No more haunted houses
Seeing Hallowe’en decorations still around from last Wednesday reminded me of the ghost stories from childhood days. They were always set in deserted houses on dark nights; floorboards creaked and curtains billowed in the wind. The hero of the story always went into the house when you knew he would have been much safer going home to his mum for his tea. If it was a heroine, she would always be dressed in some daft outfit, completely inappropriate for climbing through briars and searching darkened, empty buildings. The stiletto heels would either go through the rotten boards on the landing floor, or cause the heroine to stumble and fall as she sought to escape the shadowy looming menace. It was hard to take seriously heroines who went to haunted houses in red cocktail dresses.
There was no harm in the stories. They were never violent and I was always brought up to believe that the living were much more dangerous than the dead would ever be. What the stories did, though, was to suggest that certain places and certain people might be scary.

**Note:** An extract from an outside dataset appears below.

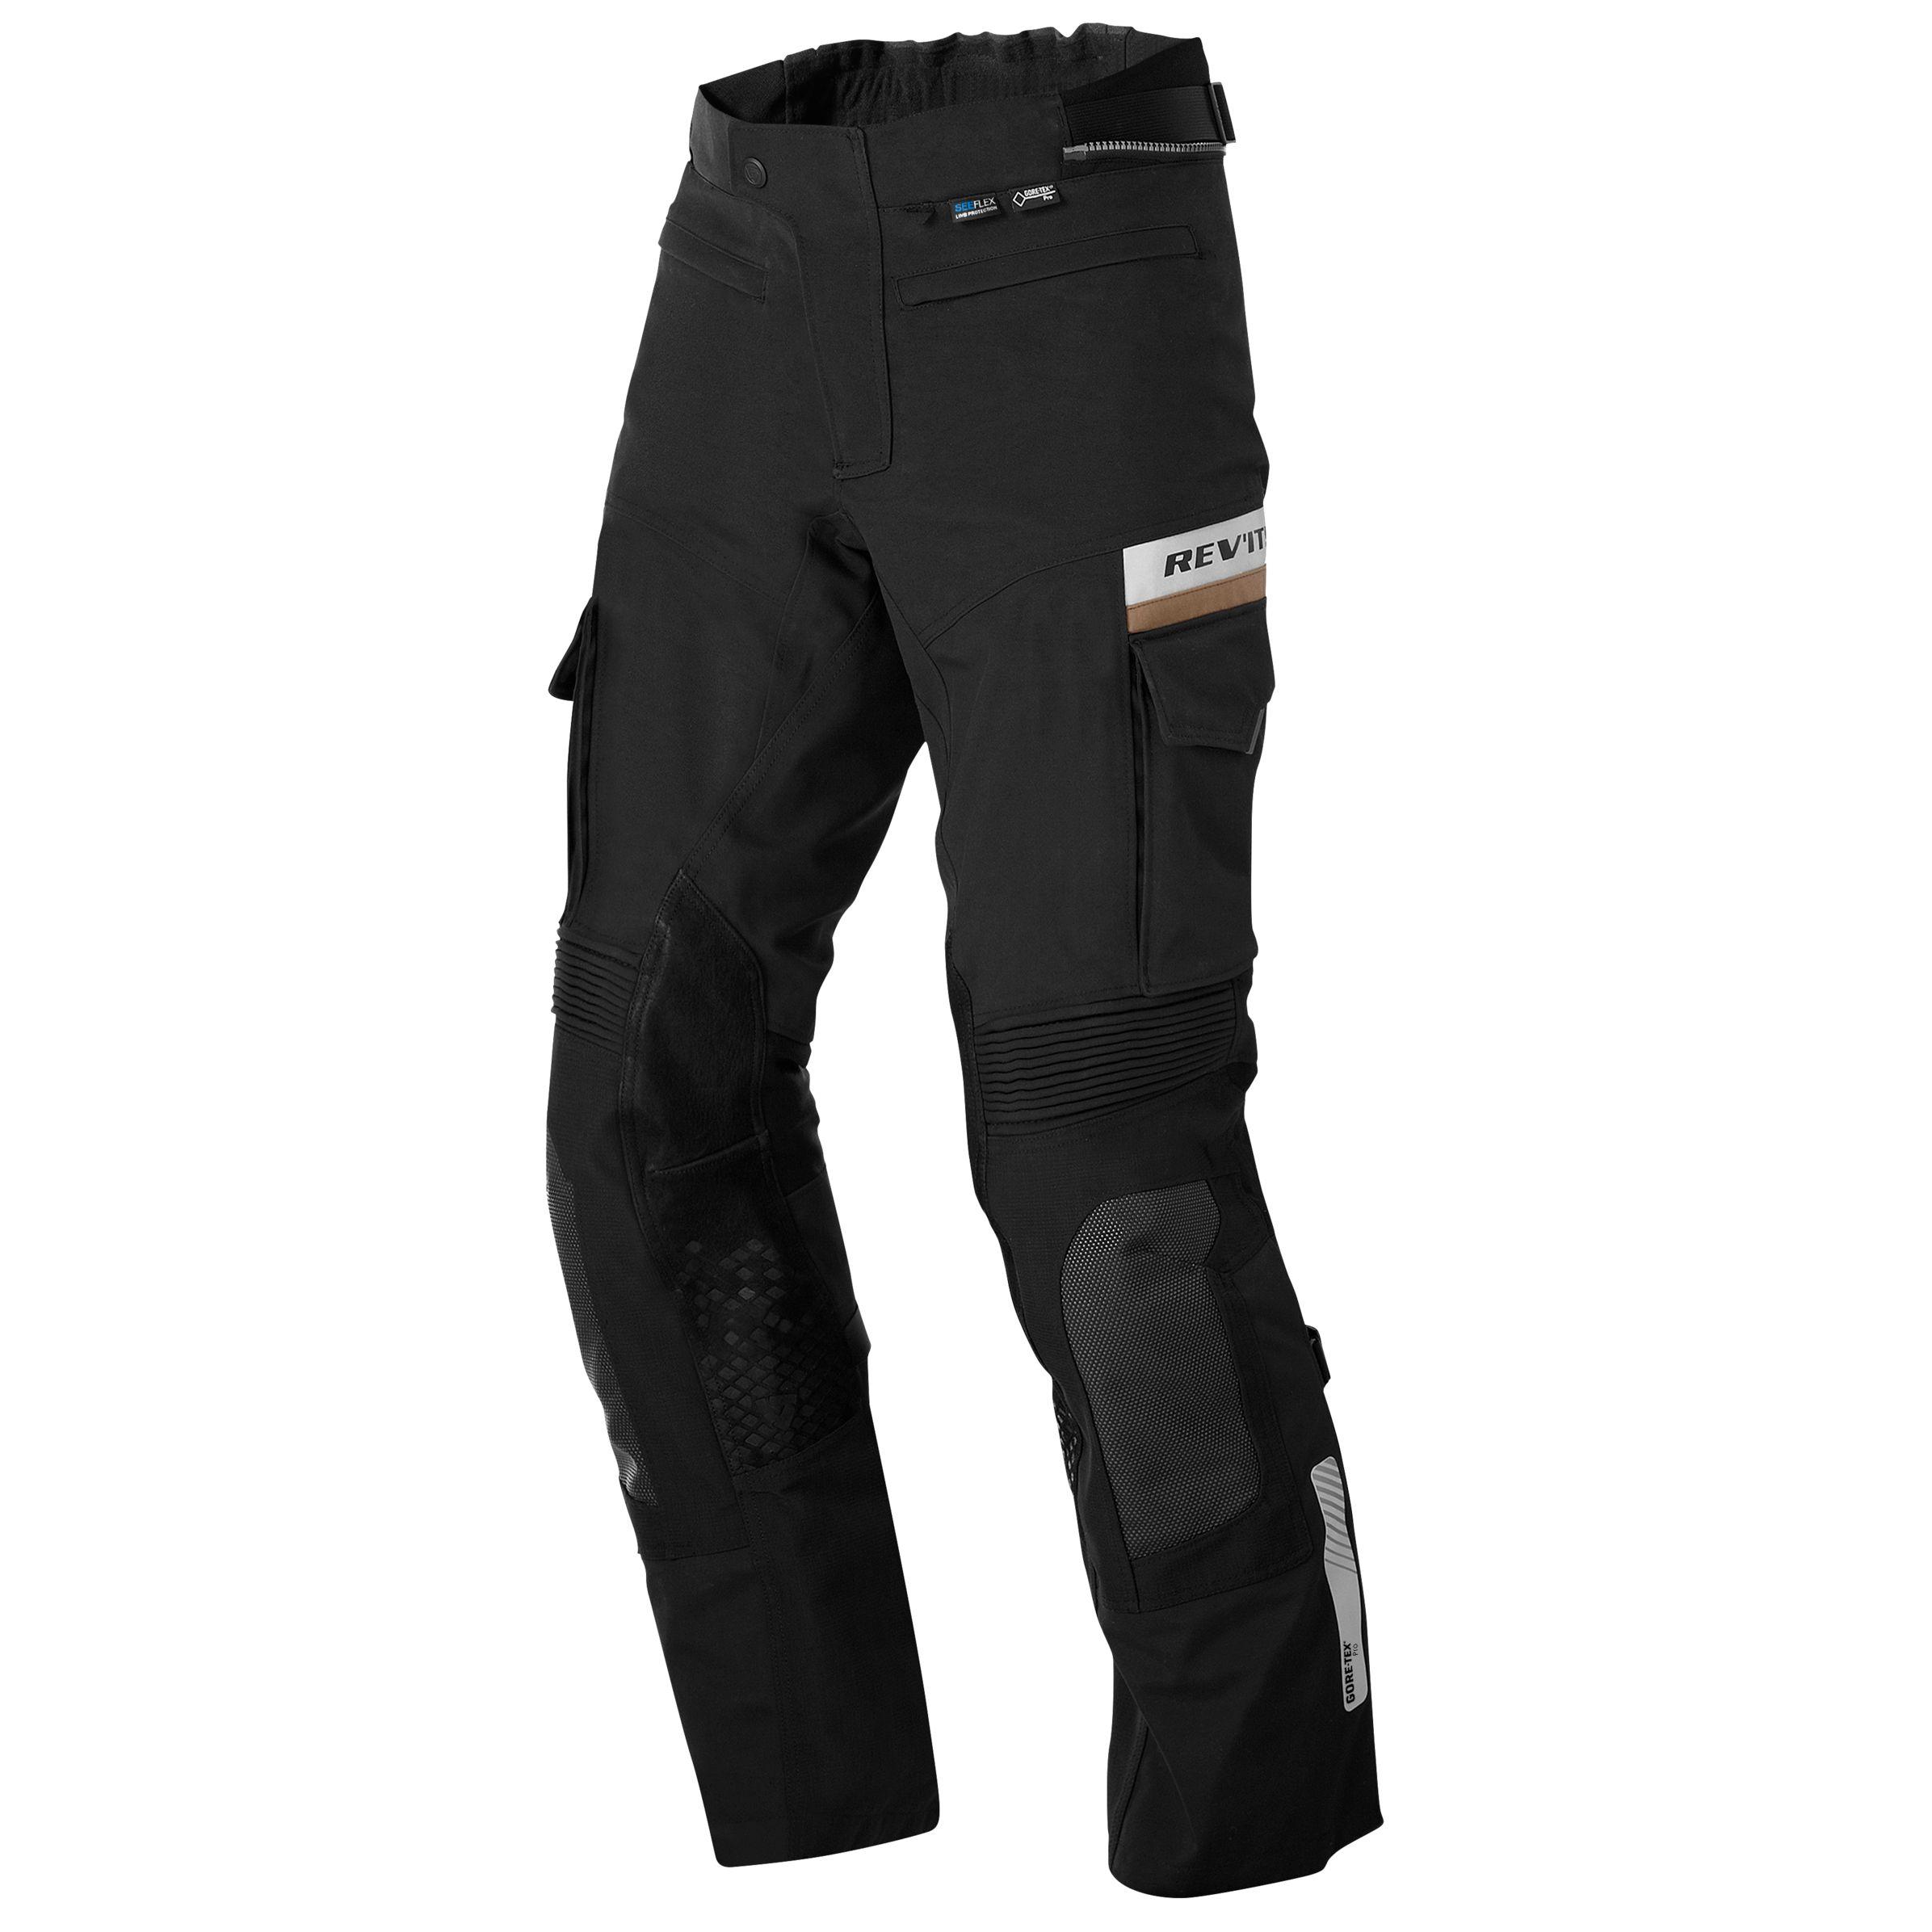 pantalon rev it dominator gore tex pantalon et combinaison. Black Bedroom Furniture Sets. Home Design Ideas

At the end of our road lived a lady called “Maggie”, now long dead. Her house stood set back from the road in a garden that was filled with briars. It was close by to other houses, but it was also very isolated, the overgrown gardens creating a strong physical barrier against the world around. I have no reason in the world to believe that Maggie was anything other than a kind and sweet old lady, but the ghost stories created an aura of mystery around the house, it was a place to quicken your stride as you went by, especially in the dark.
I wonder about Maggie, and all the other people like her who are in the shadows of our memories. It would be hard to imagine a house like it today, partly because the property prices would have made it attractive to sell and buy a nice little bungalow by th sea, and partly because, for all the faults of my generation, I think we would try harder to stop such isolation. However critical we might be of the state we’re in, most of the time social services will call to try to make sure people are safe and well; meals on wheels will try to make sure that people are fed; community health care will try to make sure that no-one is left lying sick. Neighbours will tend to intervene, even when they are not wanted.
Things are far from perfect and things still go wrong, but ghostly houses are few and far between now, and heroes in dark suits, and heroines in high heels, can happily remain in cartoon strips.
Maggie Barnard was her name, can you remember she also owned the tiny cottage just around the corner behind the village church,I must ask my Mother about her next time I’m in High Ham. And on a note of real respect I can remember being severely reprimanded by Mrs Cullen one day for calling her Maggie, ‘Its Mrs Barnard until you’re an adult’ She said.
I had forgotten her name – and that she was ‘Mrs.’ I’d also forgotten the place behind the church – I remember the amazement in the village when it sold for £9,000. She always seemed like something out of a story. Had she no family? Did she live with what she could buy at the village shop and from David Macey’s mobile shop? She was like something out of a Victorian story!
I am going up to see my Mum on Saturday and will make some enquiries and let you know.